Dump Me, Eh? I’ll Sue Your Ass!
A recent article in the Gainesville Times discussed a woman who sued her fiancé for dumping her after she’d left her high paying human resources job and moved to a different city to be with him. And she won! The ex-fiancé received $150,000 for financial and emotional suffering.
At first, I was like, “WTF!, How ridiculous to bring your wounded heart and unsuccessful marriage into legal matters!” But, then I realized that maybe she had a point. I mean, an engagement is sort of a contract, or at least a promise of a long term commitment. And why shouldn’t this woman be repaid for her lost wages and emotional distress.

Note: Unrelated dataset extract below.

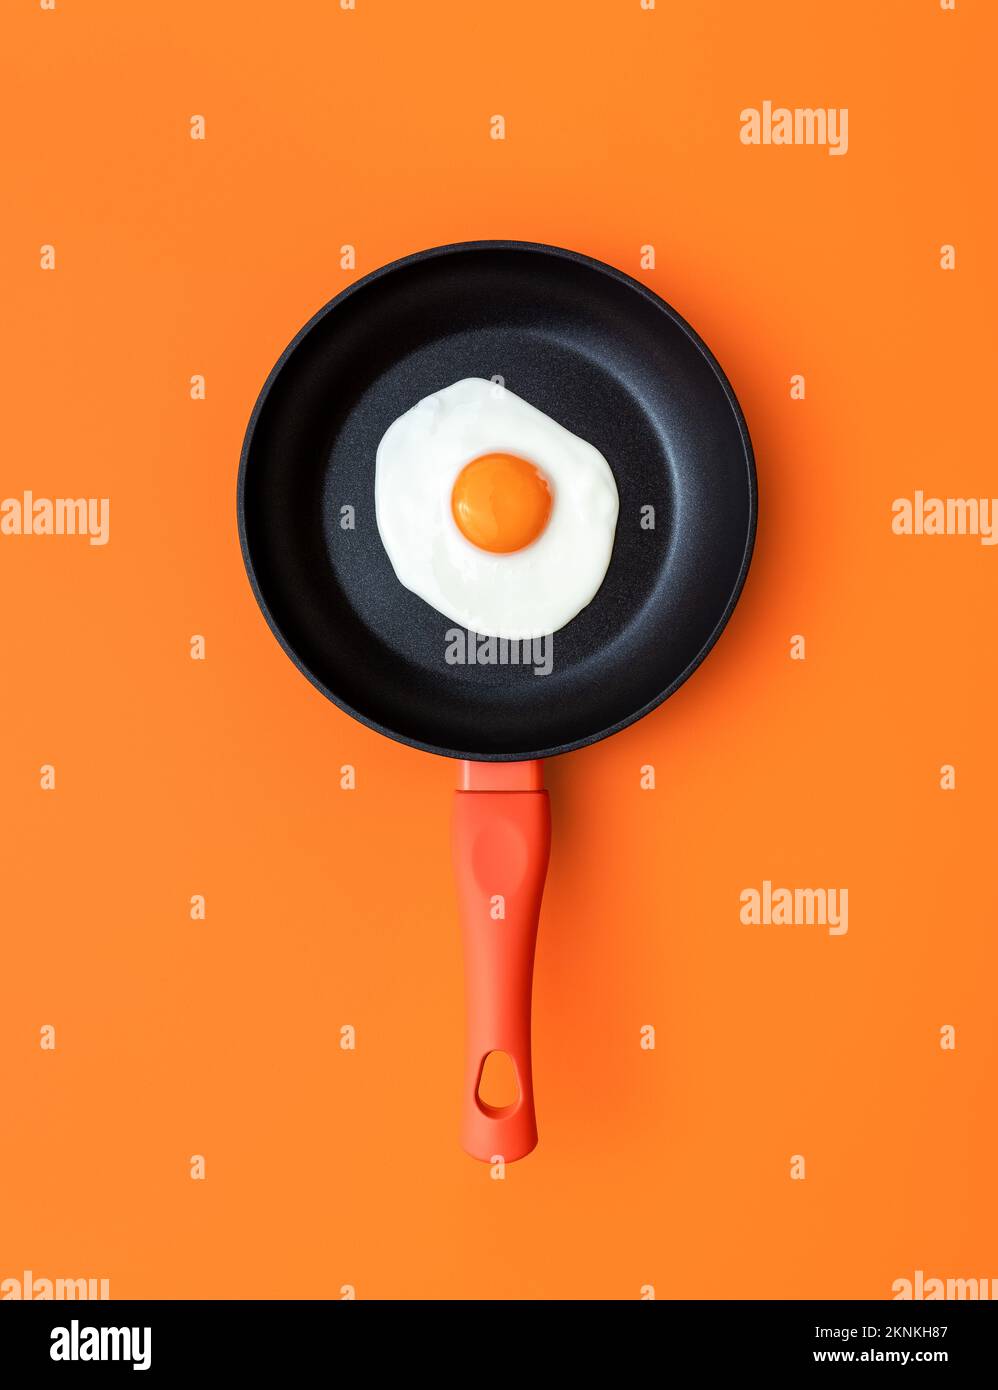 Above view with a sunny side up egg in an iron cast pan on a orange colored table. Cooking pan with a single fried egg on a colorful background. Stock Photo

In fact, why can’t everyone receive that luxury? So, I got to thinking; what would I sue my ex for if I could? And this is what I came up with:
Dear Ex-boyfriend (who, shall remain nameless),
In seeing how you dumped me and shattered my heart into a million little pieces, I am taking you to court and suing you for the following:
- The plane tickets for our vacation, two summers in a row
- The countless pharmacy visits with my insurance to get you medicine when you were sick
- The countless pharamcy visits to pick up the birth control that kept you from being a daddy
- Cleaning up your mess after you got drunk, pissed all over your room and, eh hem, me, and then had no recollection of it in the morning
- Your parents’ anniversary presents that I never got reimbursed for
- My respect after you cheated on me for four months, not to mention the fights, the yelling, oh, and the time you spit beer in my face
- The years of acrylic nails I had to put on as a distraction from biting my nails from your stress
For the damage, I could like, in return for my financial and emotional suffering:
- A big fat check for $50,000
Oh, and your balls in a jar.
[Photo courtesy of the State of Ohio]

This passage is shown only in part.